Alan Wright runs a spiritual center in the California mountain town of Eden Ridge. The House of the Universal Message is the culmination of three decades of Alan’s study of the teachings of the charismatic British guru Branden Frank, who has accepted Alan’s invitation to visit the center. At first, it seems a dream come true—even if Frank turns out to be a bit more of a womanizer and child support–dodger than Alan had anticipated. After all, as Frank himself says, “If we think of someone else as the Buddha, as a saint, we are deluded.” The dream quickly devolves into nightmare when Frank is found dead on the side of the road beneath the House. Police suspect foul play, but who could be responsible? The grandfather of one of the children Frank refuses to acknowledge or the man who offers a noncredible confession to the murder? Alan, who has solved a murder in the past, takes up the mystery with the help of The Little Red Hens, a five-woman fledgling detective agency that meets at the House. But not only is the local police chief out to get him and close the center, Alan must also tangle with an online conspiracy group called NotAGod that claims he’s a Satanist who abuses children.
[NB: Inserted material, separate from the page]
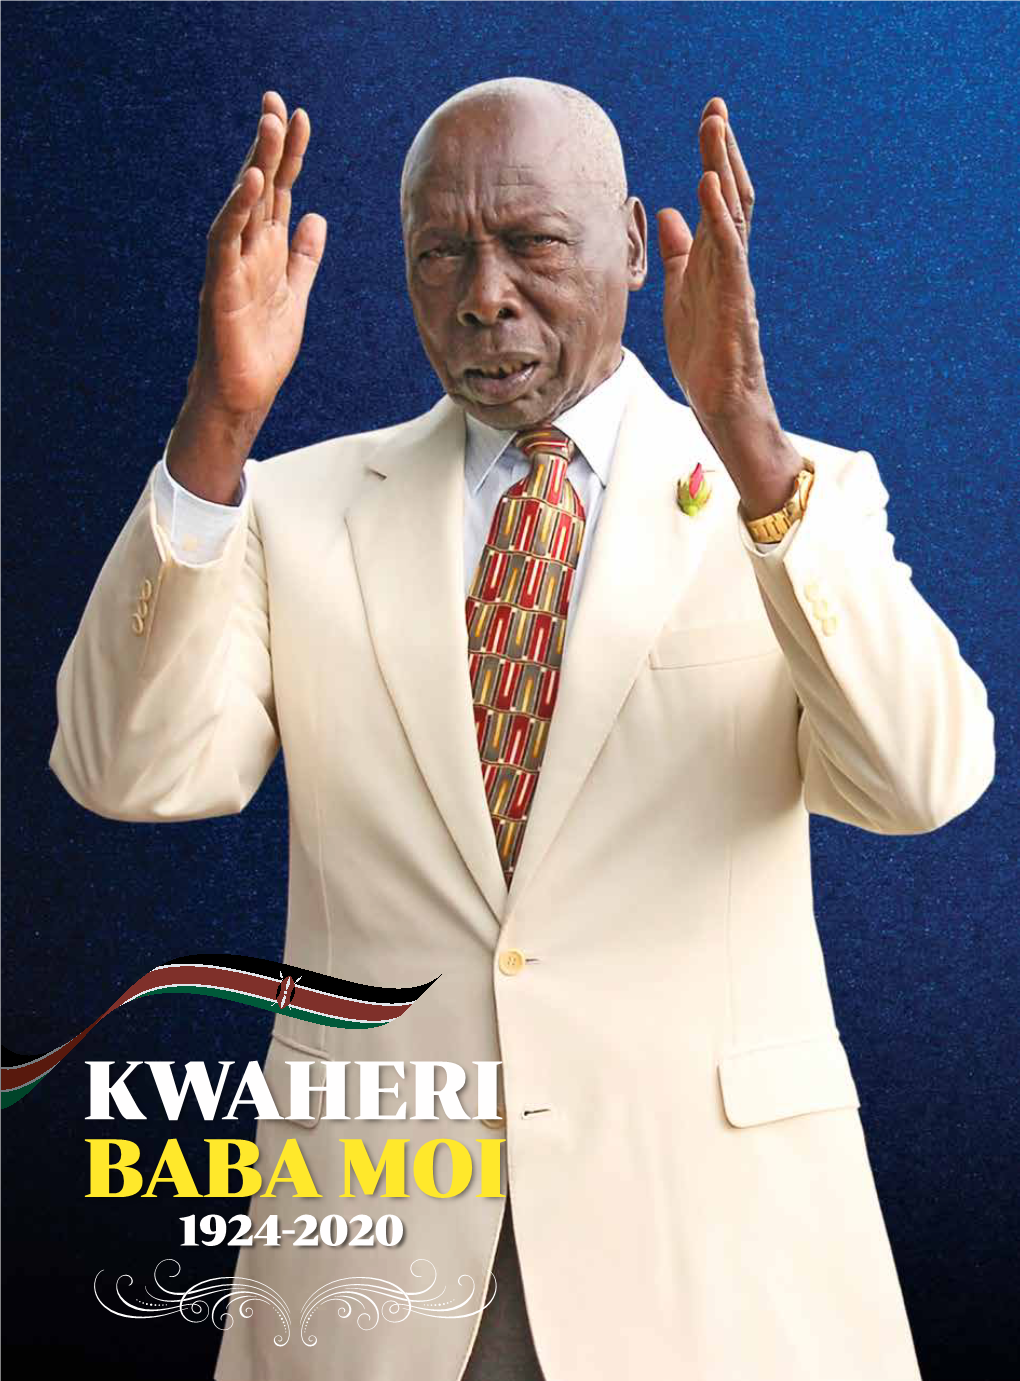 Kwaheri Baba Moi 1924-2020 2 President Daniel Arap Moi | 1924-2020 the Statesman
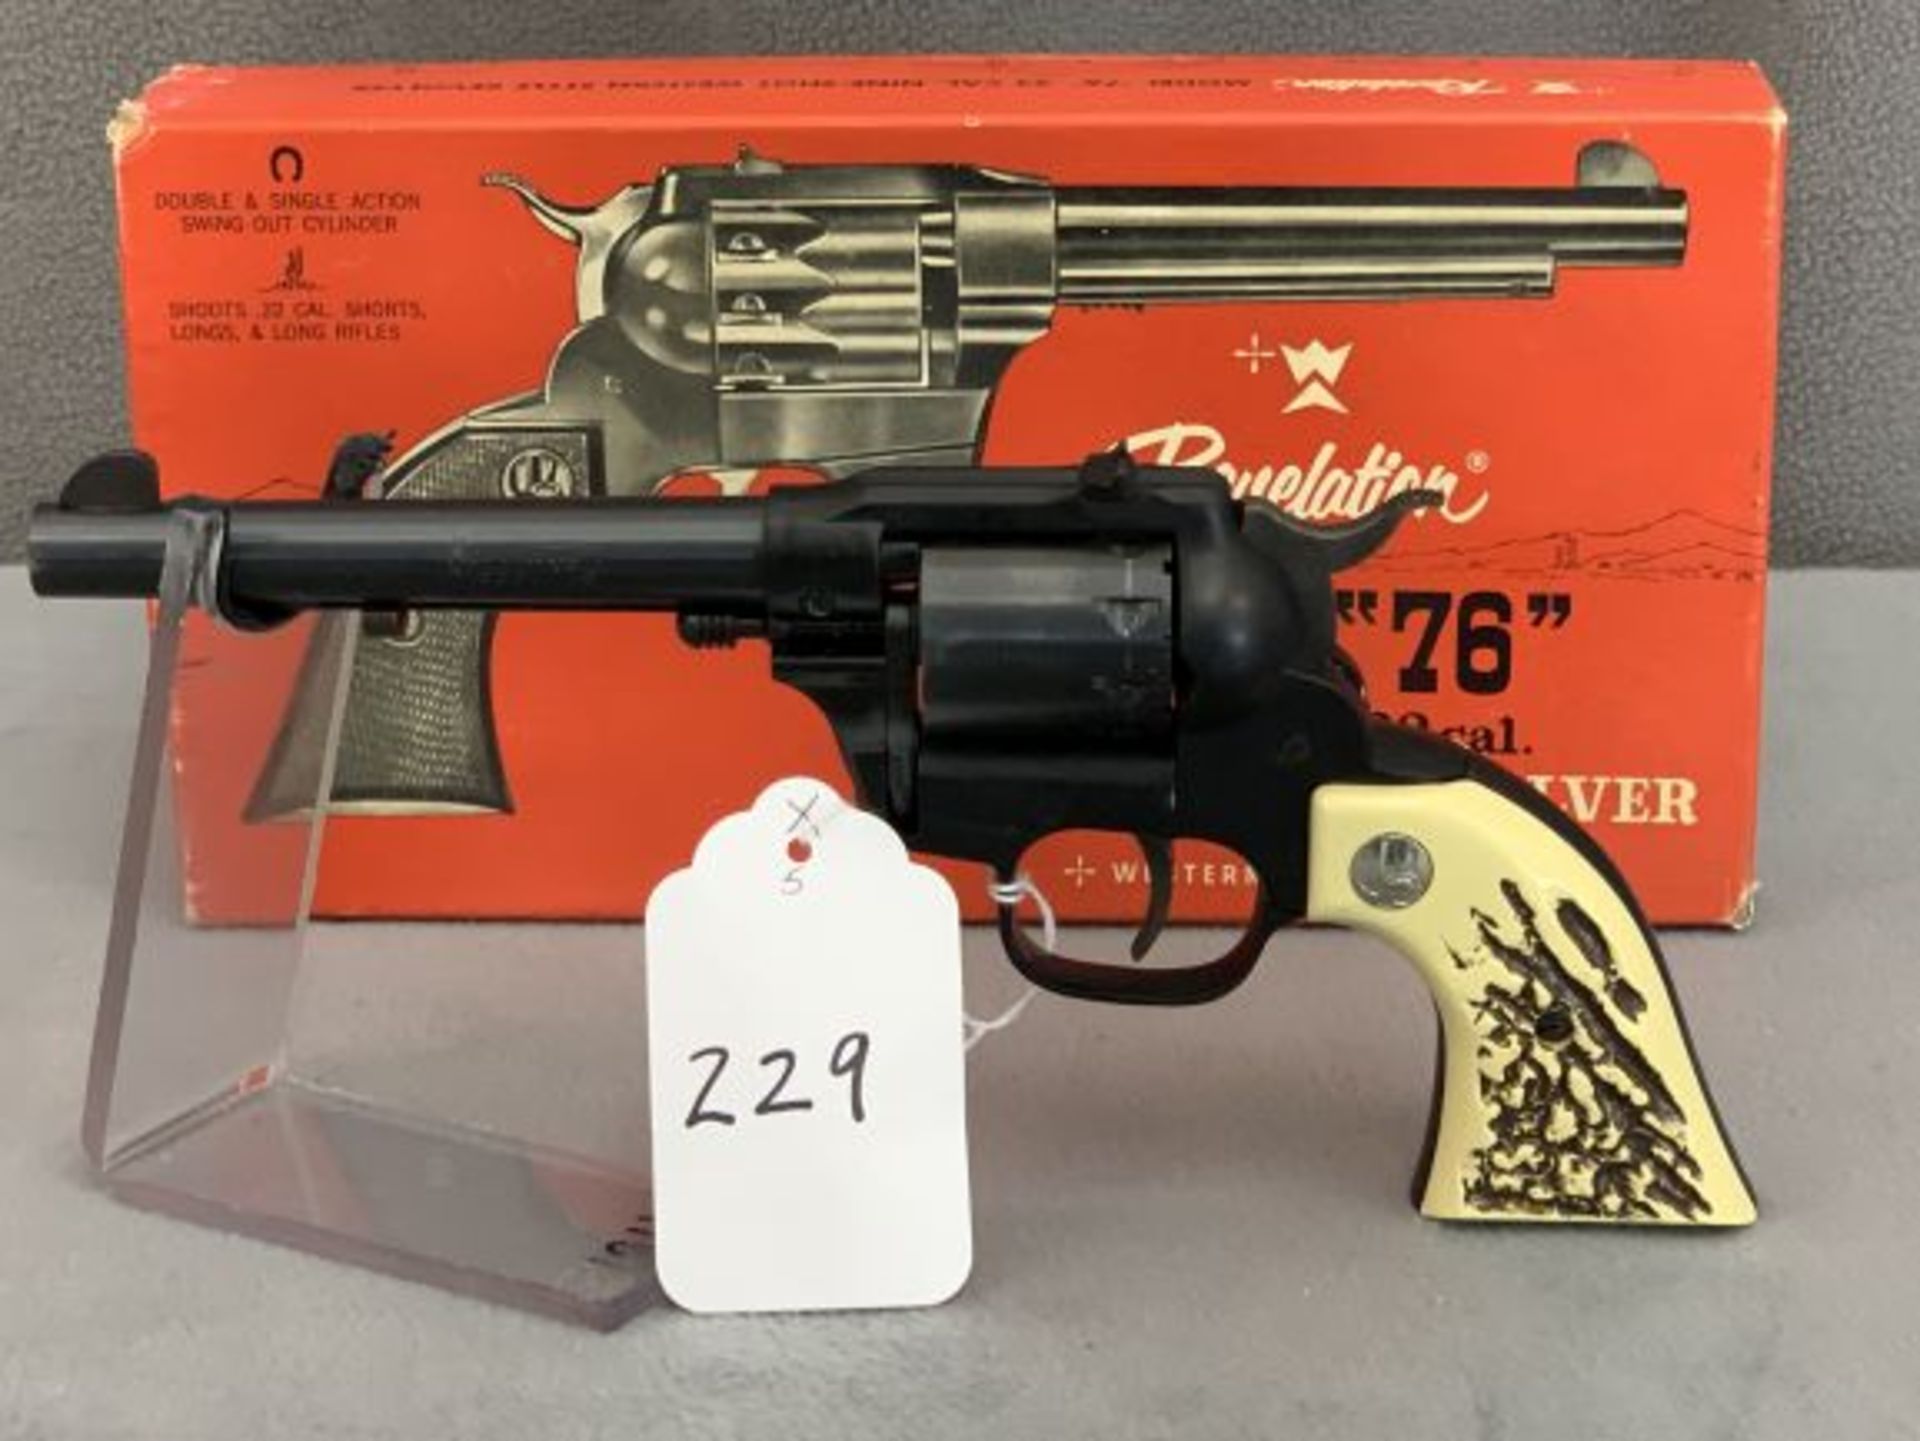 229. Revelation Mod. 76, .22LR Revolver w/ Orig Box, SN: 2268961

Heath’s polyphonic prose captures the many comic misunderstandings between the New Agers and reactionary squares who populate Eden Ridge. “For almost two hundred years, Eden Ridge has been a decent place to live,” the chief rails against Alan and his friend, spa owner Hank Tate. “Hard-working, God-fearing, tax-paying people live here. Then that goddamn crazy nudist, Tate, turned the hotel and springs into a refuge for drug-addled sex freaks.” It’s clear that Heath loves Eden Ridge, and the care with which he builds out the citizens and their intersecting arcs adds depth to this mystery.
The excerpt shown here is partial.